__Prompt__. Each record that follows is to be reproduced character for character, pictures excepted.

══════

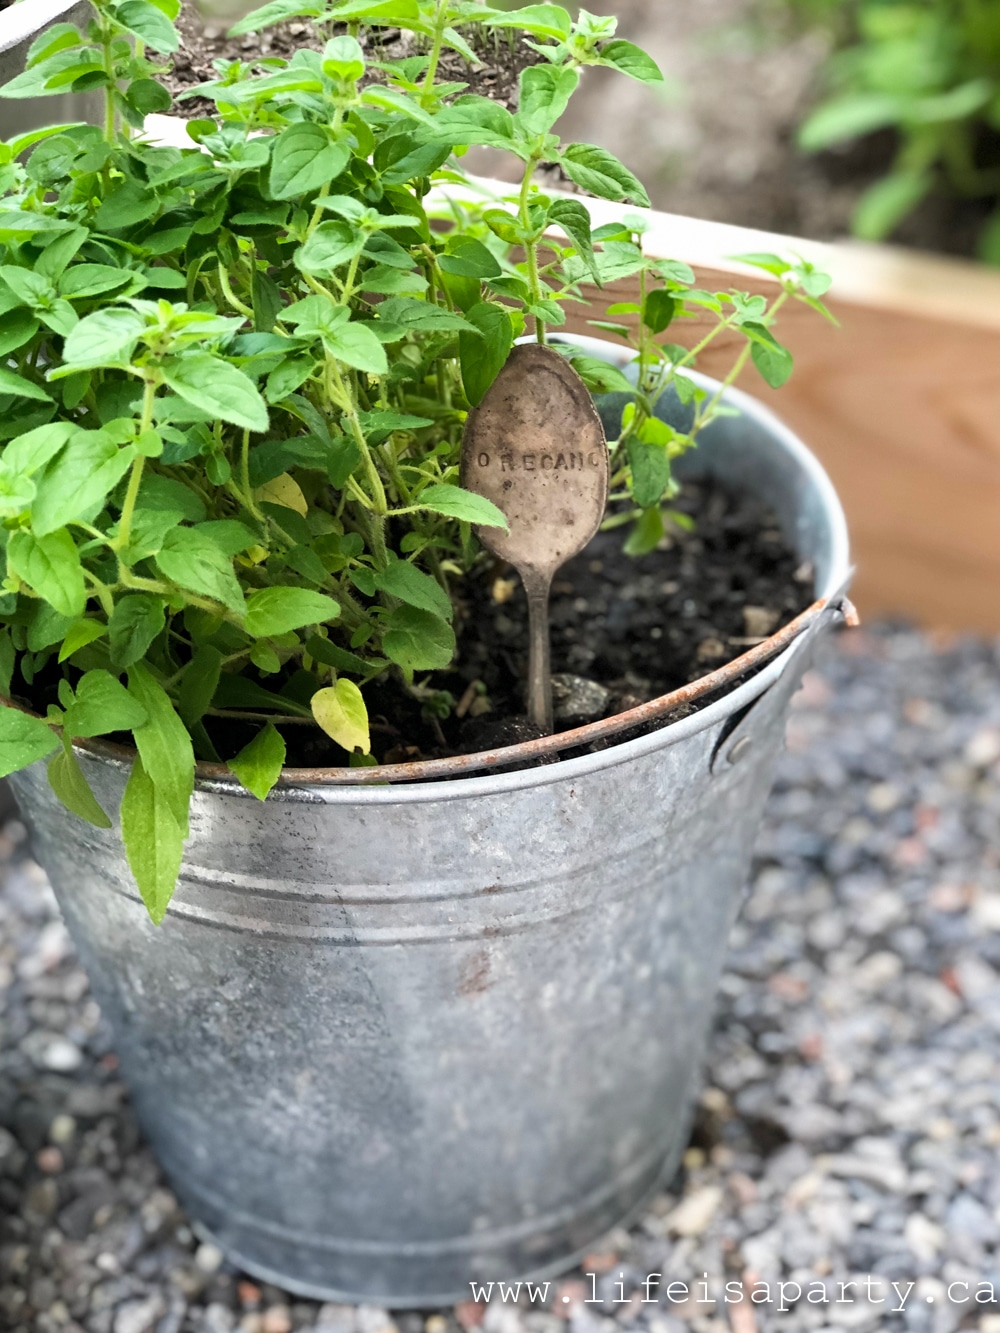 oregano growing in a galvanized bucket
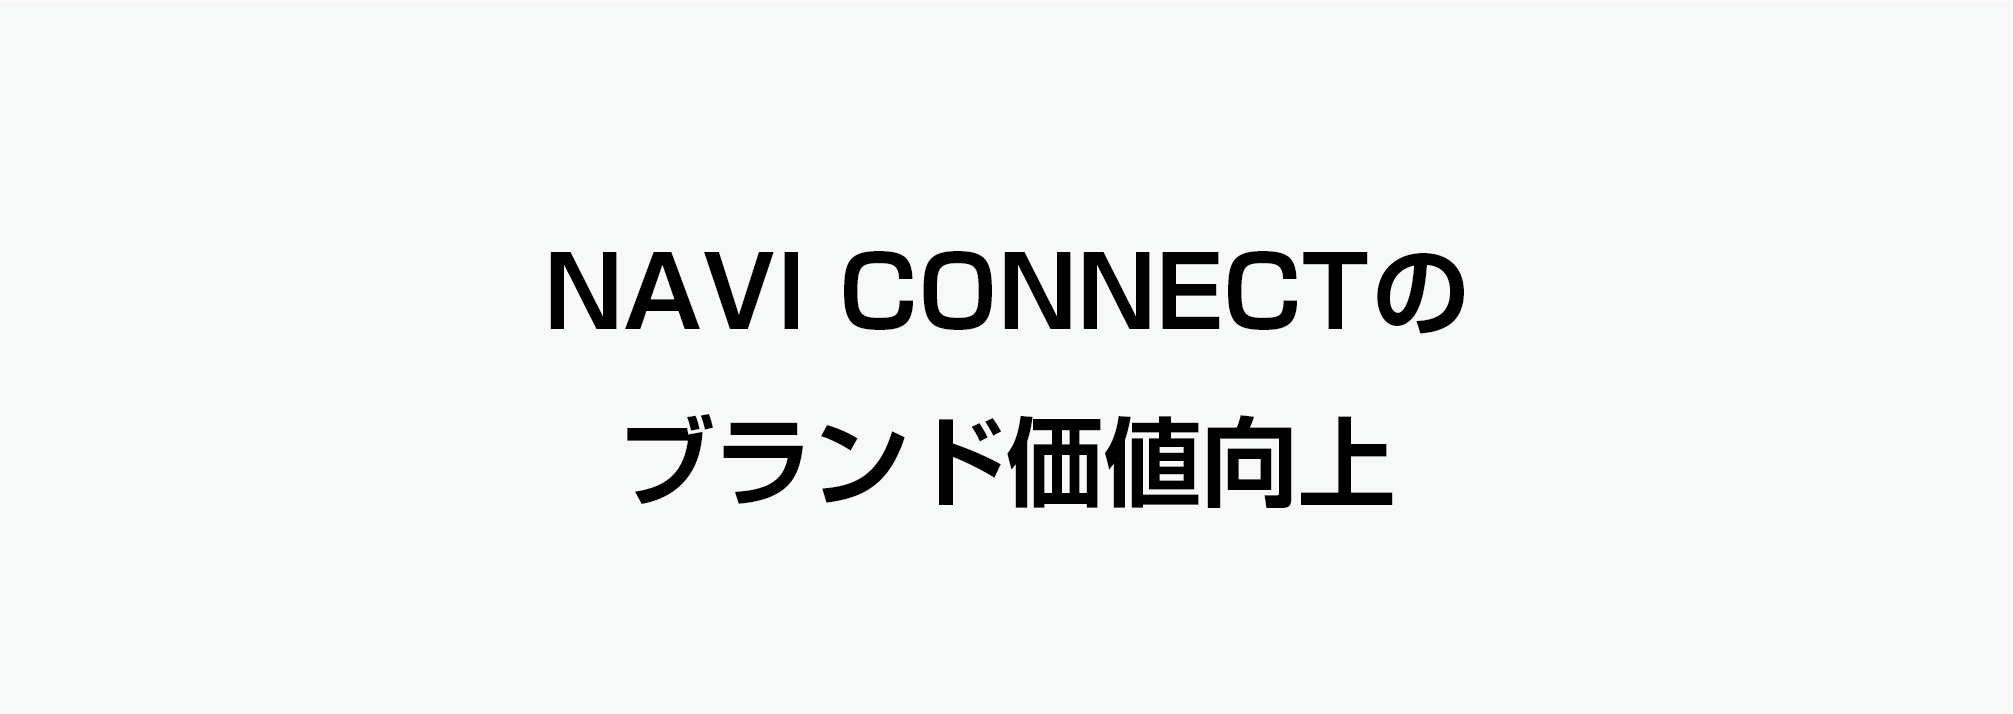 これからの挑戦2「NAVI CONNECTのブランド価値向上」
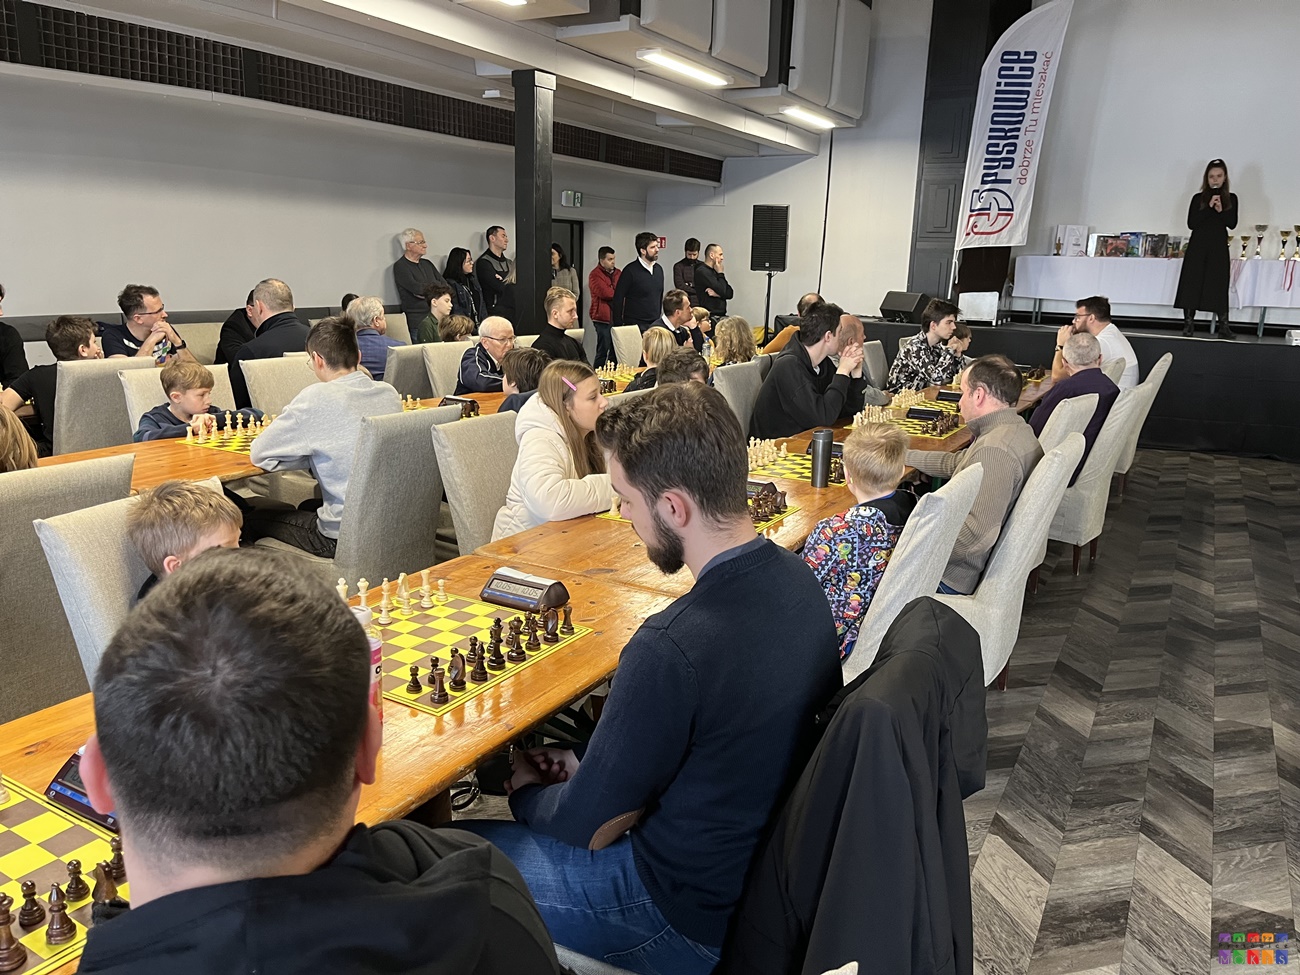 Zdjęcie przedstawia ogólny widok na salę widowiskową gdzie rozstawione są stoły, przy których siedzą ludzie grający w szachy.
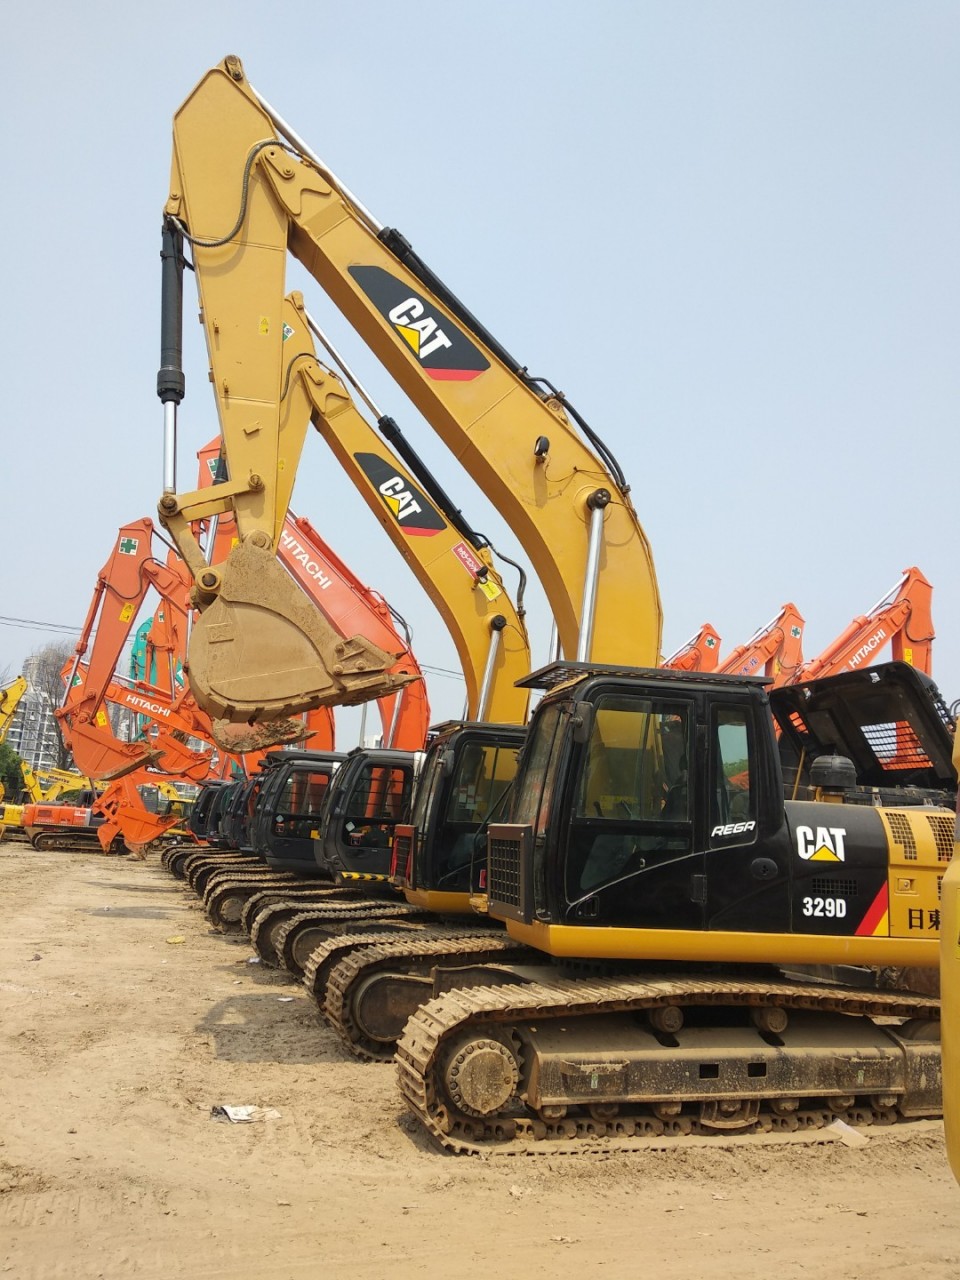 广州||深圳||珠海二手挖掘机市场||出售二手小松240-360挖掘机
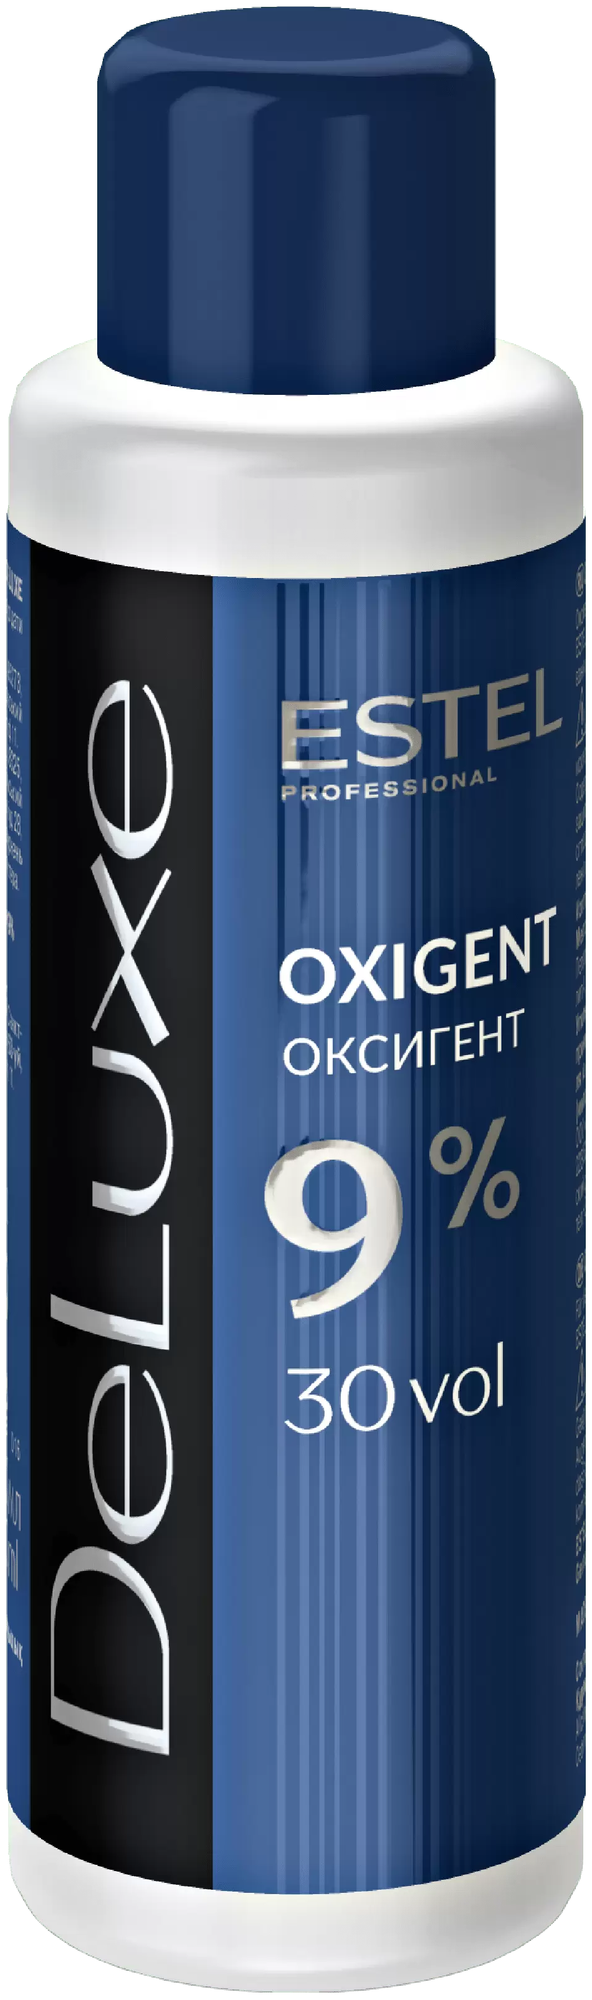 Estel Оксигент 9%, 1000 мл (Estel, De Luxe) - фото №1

══════

__Solved problem__.
 oregano growing in a galvanized bucket
 これからの挑戦2「NAVI CONNECTのブランド価値向上」
 Zdjęcie przedstawia ogólny widok na salę widowiskową gdzie rozstawione są stoły, przy których siedzą ludzie grający w szachy.
 广州||深圳||珠海二手挖掘机市场||出售二手小松240-360挖掘机
 Estel Оксигент 9%, 1000 мл (Estel, De Luxe) - фото №1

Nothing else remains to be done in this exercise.